The billionaire’s dismay expressed in a New York Times opinion column that he pays a lower percentage in taxes than many of his salaried employees has been picked up by Democrats and morphed into the so-called “Buffett Rule.” As a result, the rich may soon pay more in taxes.
President Barack Obama’s version of the Buffett Rule—a key election-year initiative and the centerpiece of his current re-election campaign focus on “fairness”—would require Americans making more than $1 million a year to pay a minimum effective tax rate of 30 percent on their income. Many millionaires and billionaires pay rates that are about half that under a current tax code that favors investment income over wage or earned income.
In April, a version of the Buffett Rule—the “Paying a Fair Share Act of 2012”—stalled in the Senate after Democrats were unable to get the 60 votes needed to break a filibuster (the vote was 51 to 45). Despite that, the White House doesn’t appear ready to give up on the proposal anytime soon. In an election year, the legislation has emerged as a partisan issue and has met solid Republican opposition.
Democrats are quick to point out that former Massachusetts governor Mitt Romney, the presumptive GOP nominee who initially balked at releasing his tax returns, earned $21.7 million in income in 2010 but paid an effective tax rate of 13.9 percent since his income is derived primarily from investments.
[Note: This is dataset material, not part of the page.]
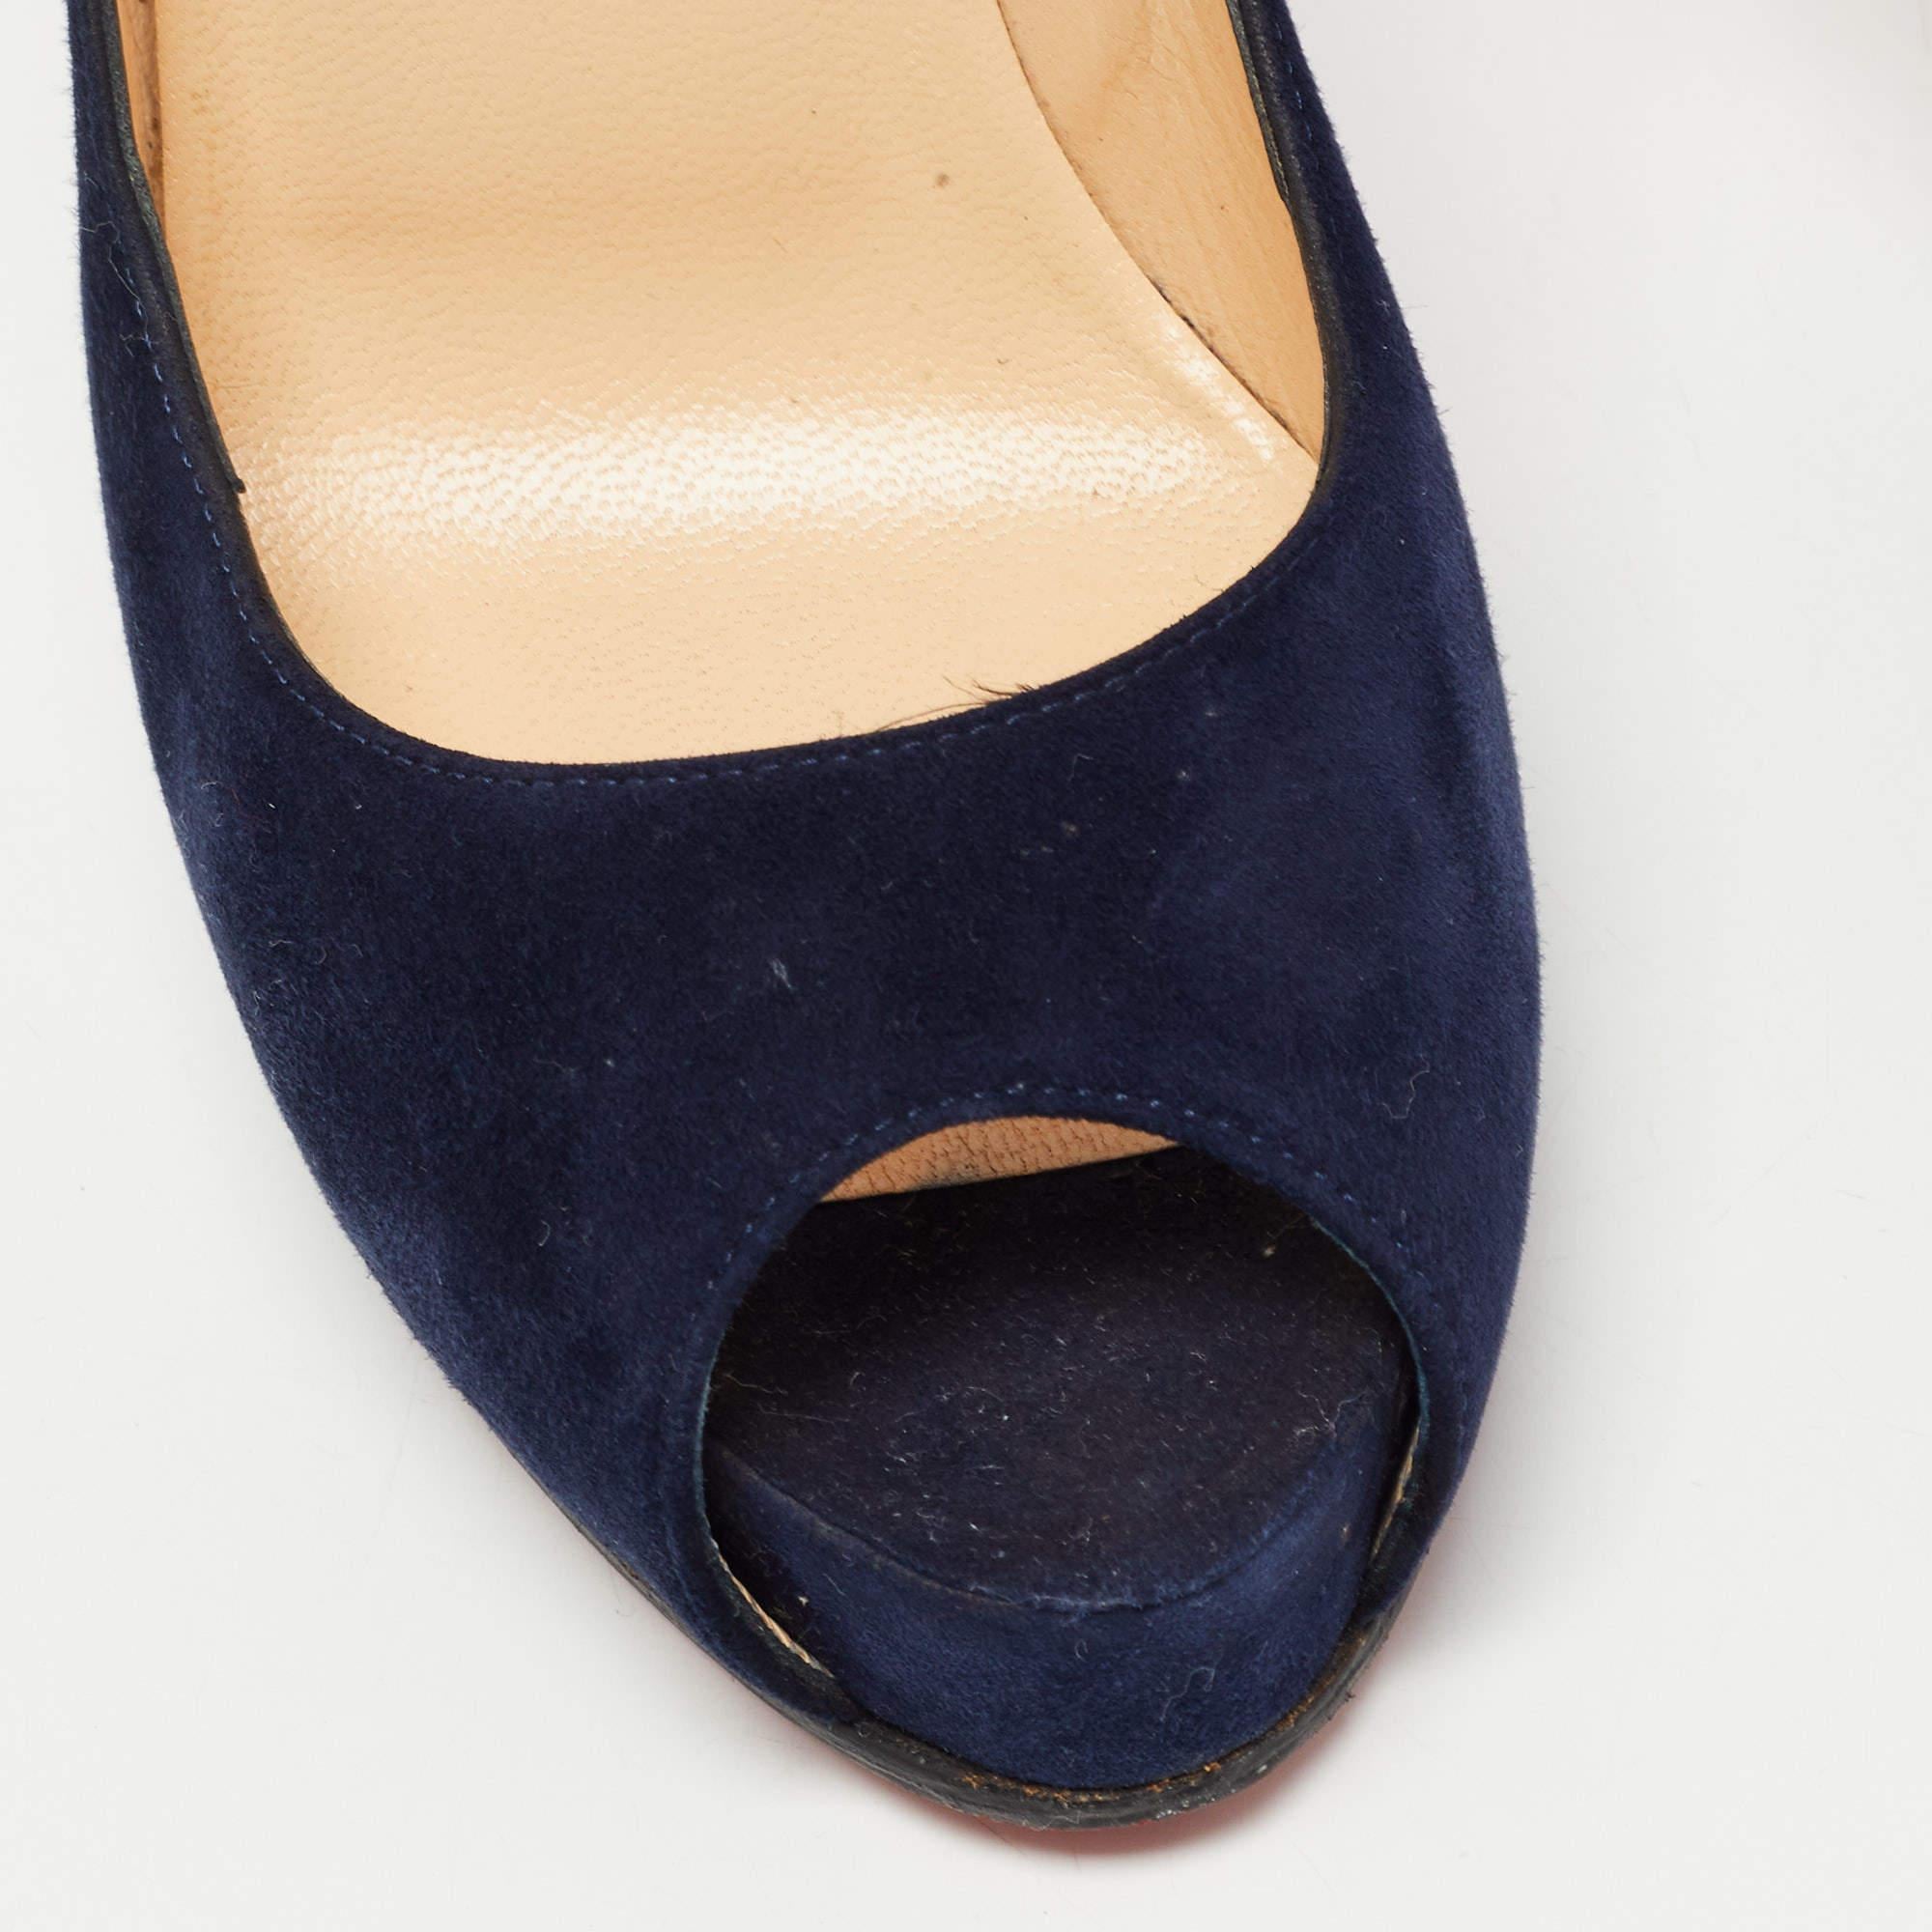 Women's Christian Louboutin Navy Blue Suede Very Prive Pumps Size 37.5

In the media, Sen. Charles E. Schumer (D-NY) has lobbed accusations that Romney is the “poster child” for why the Buffett Rule is necessary, adding, “it could be called the Romney Rule.”
Associate Professor of Economics Michele Naples said income fairness has become “such a hot-button issue” these days in part because of the Occupy Wall Street movement, and the fact that incomes of the top one percent have skyrocketed over the last 30 years while the incomes of the “99 percent” haven’t risen nearly as much.
But is the Buffett Rule the best way to reduce economic inequality in the United States? Could it help reduce the federal deficit? How likely is it to be passed? And are there better options out there? We asked a group of faculty experts to weigh in on tax fairness, income equality, and the economic, political, and philosophical implications such a tax code change might have.
Show me the money… or not
If enacted, the Buffett Rule is not expected to have any real effect on the lives of the average American and is only expected to make a small dent in the federal budget deficit. Expected revenues would be about six percent of the current deficit spending, or about $47 billion over 10 years, according to a congressional committee.
“I think it’s more of a philosophical issue of fairness than it is one of economic impact,” explained Brian Potter, an associate professor of political science and director of TCNJ’s International Studies Program. “Its practical impact would likely be small. But it would be a symbolic change and one that might resonate with middle-class voters.”
What will the rich people do?
From a macroeconomic ( or “big picture”) perspective, Obama’s Buffett Rule is a “reasonable approach” that would likely cause little damage either to the economy as a whole, or to the Gross Domestic Product or job creation, said Naples. That’s because it doesn’t call for increasing taxes on businesses, which provide real capital formation. Plus, evidence shows that the rich are less likely to spend more money with additional after-tax income than the middle class or poor, she added.
“The conversation here is what does it mean that these rich people don’t get as much money?” continued Naples. “What are they going to do? Are they not going to make financial investments anymore because they can only make 10 percent instead of 15 percent? Are they going to take their finances and go invest in another country? That’s really the debate.”
Is it just a Band-Aid?
Professor Morton E. Winston, chair of the Department of Philosophy, Religion, and Classical Studies and director of the Alan Dawley Center for the Study of Social Justice, called the Buffett Rule “a Band-Aid” that’s not the best way to achieve more fairness. He favors other tax code changes.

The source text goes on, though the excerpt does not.